Abstract

The study investigated the effect of bank credit to the private sector on the performance of manufacturing sector in Nigeria, from 1981 – 2021. The objective of the study is to determine the effect of bank credit to the private sector (CPS) on the manufacturing output in Nigeria. To carry out the study, data were sourced from the Central Bank of Nigeria statistical bulletin and National Bureau of Statistics for various years. The dependent variable for the study was manufacturing output while the proxies for exploratory variable include; credit to the private sector (CPS); interest and exchange rates. For analysis and estimation, Autoregressive Distributed Lag (ARDL) method was adopted. Augmented Dicker Fuller (ADF) tests for stationarity showed that the variables were integrated at first level while ARDL Bound tests established a cointegration relationship of the variables.

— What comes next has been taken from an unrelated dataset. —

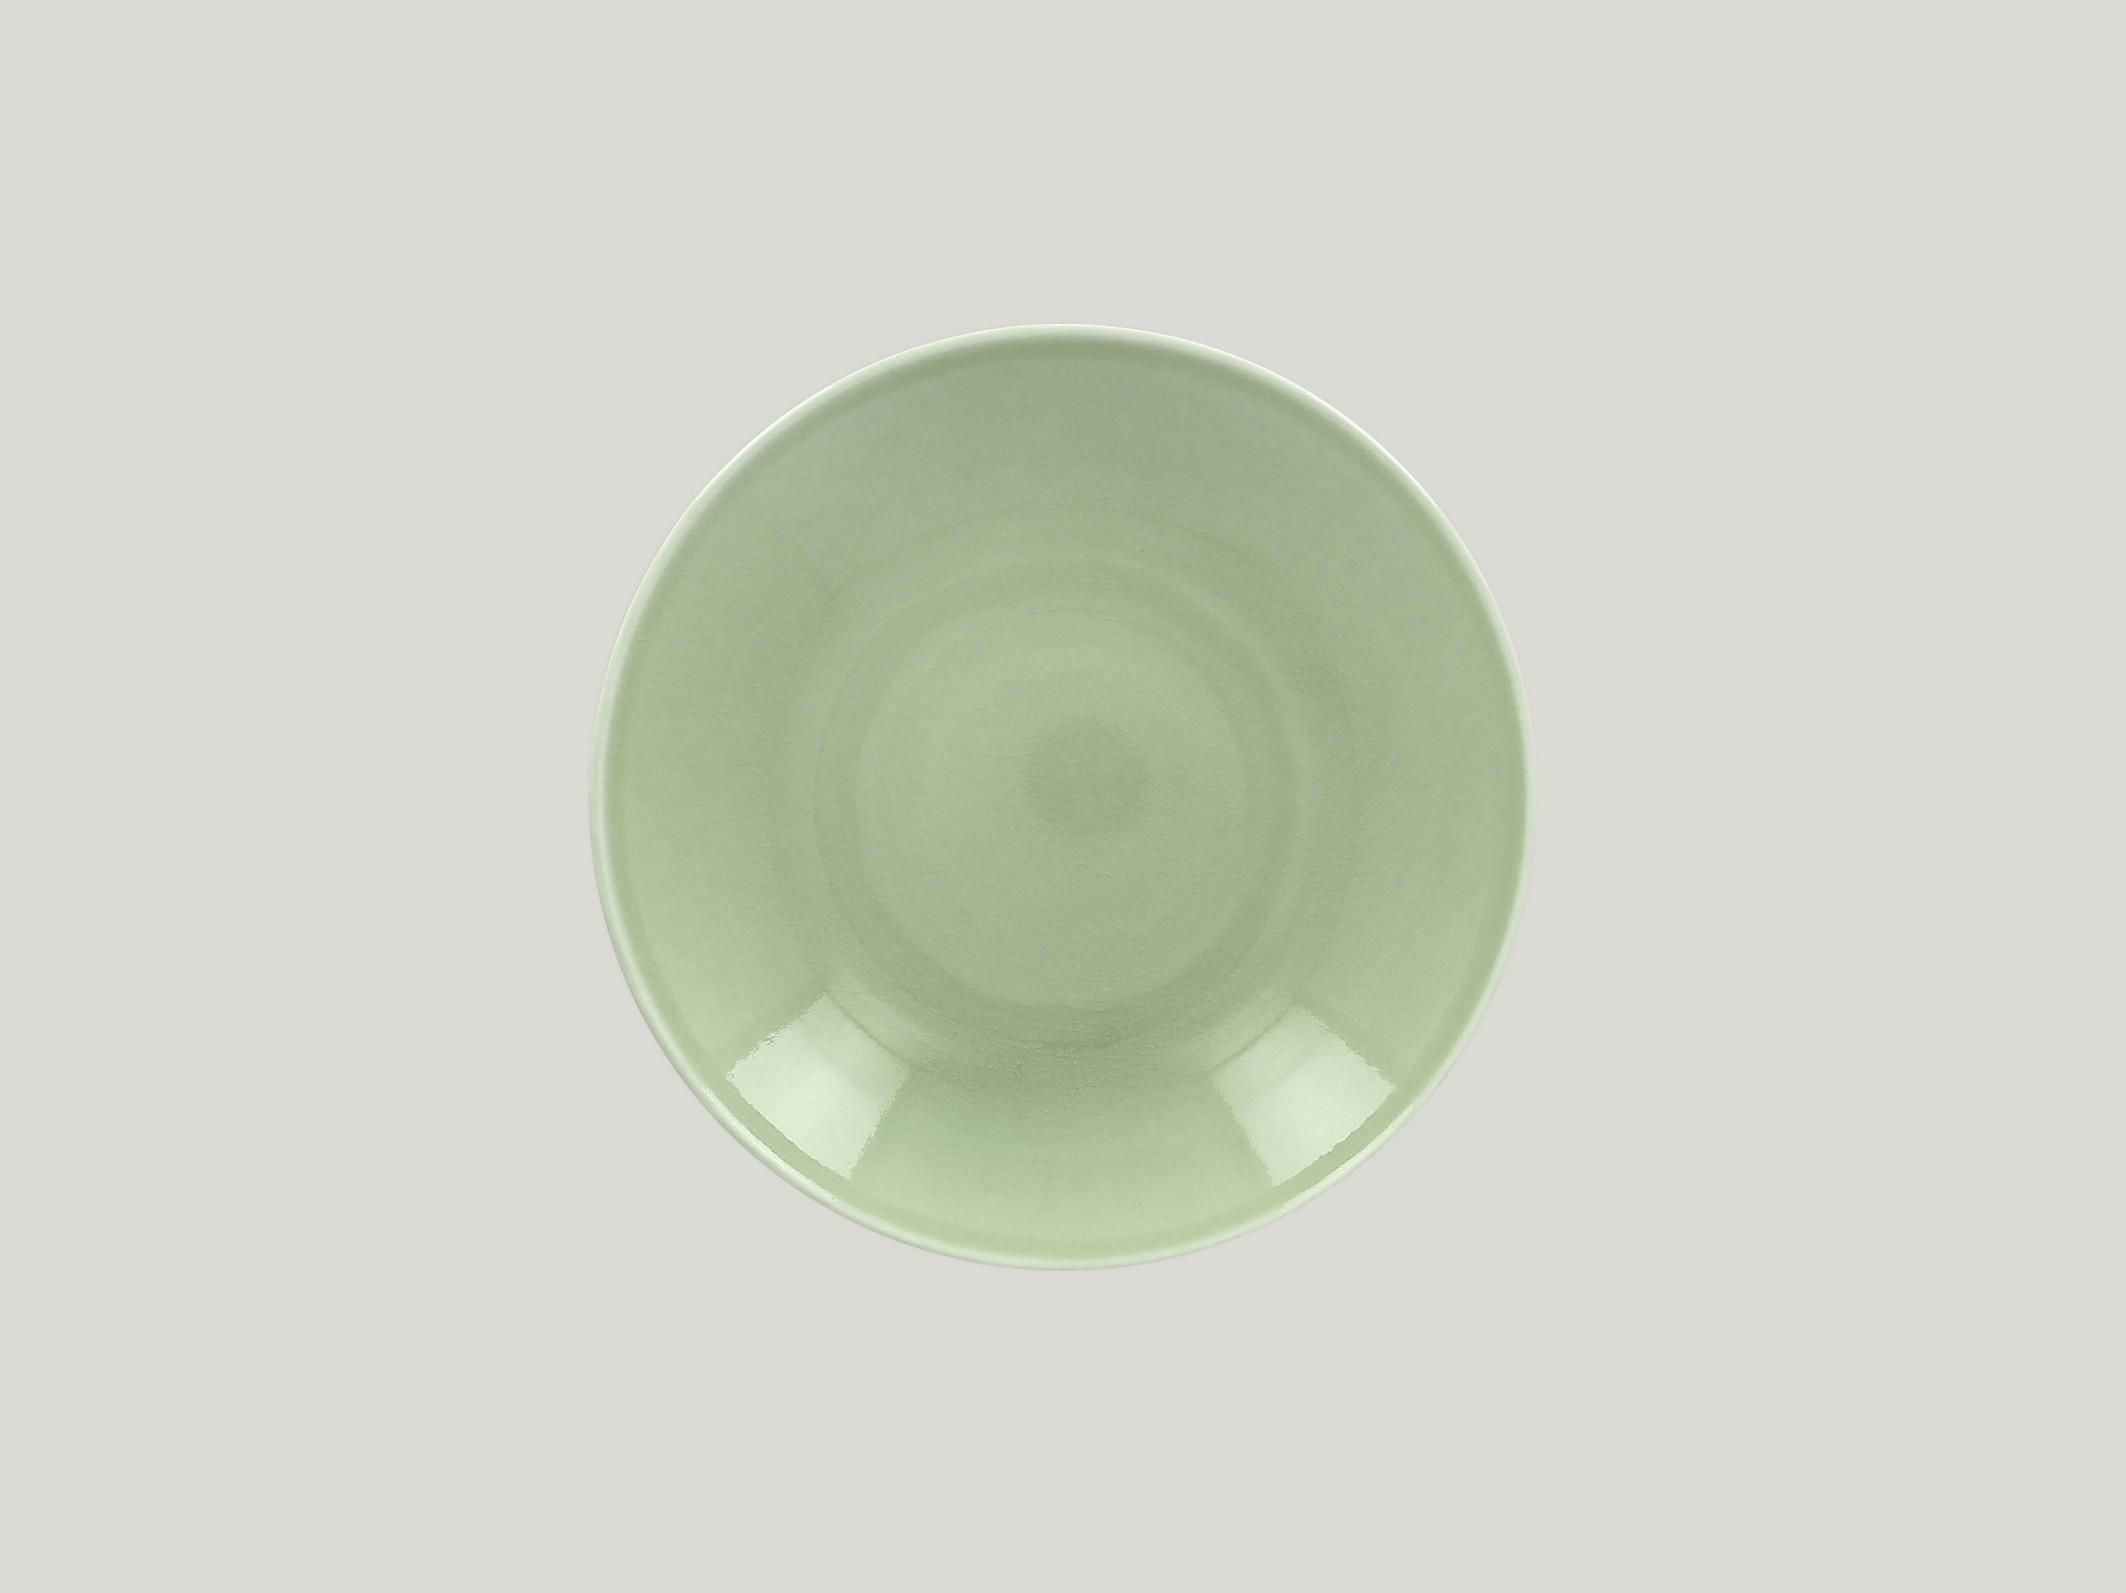 hluboký coupe talíř - green Vintage

The result of the study revealed that credit to the private sector (CPS), interest rate; and exchange rate (independent variables) on the aggregate accounted for 93.9% of the total variations on manufacturing output (dependent variable) in Nigeria during the study period while 6.1% was due to stochastic error. The result further found out exchange rate had a positive coefficient value and a significant impact on manufacturing output in Nigeria during the period of study while other explanatory variables that include credit to the private sector and interest rate were statistically insignificant on manufacturing GDP during the study period. On the basis of the findings, the researcher recommends that Central bank of Nigeria as an apex bank should apart from using both direct and indirect controls should strengthen the use of moral suasion to encourage banks not to relent in granting the sector as the government endeavours to diversify the revenue sources of the economy. Secondly, government and Central Bank of Nigeria (the apex regulatory body of banks) should take bold steps and use all necessary economic and financial policies and regulations to make lending a single digit interest rate in Nigeria especially in a critical sector like agriculture.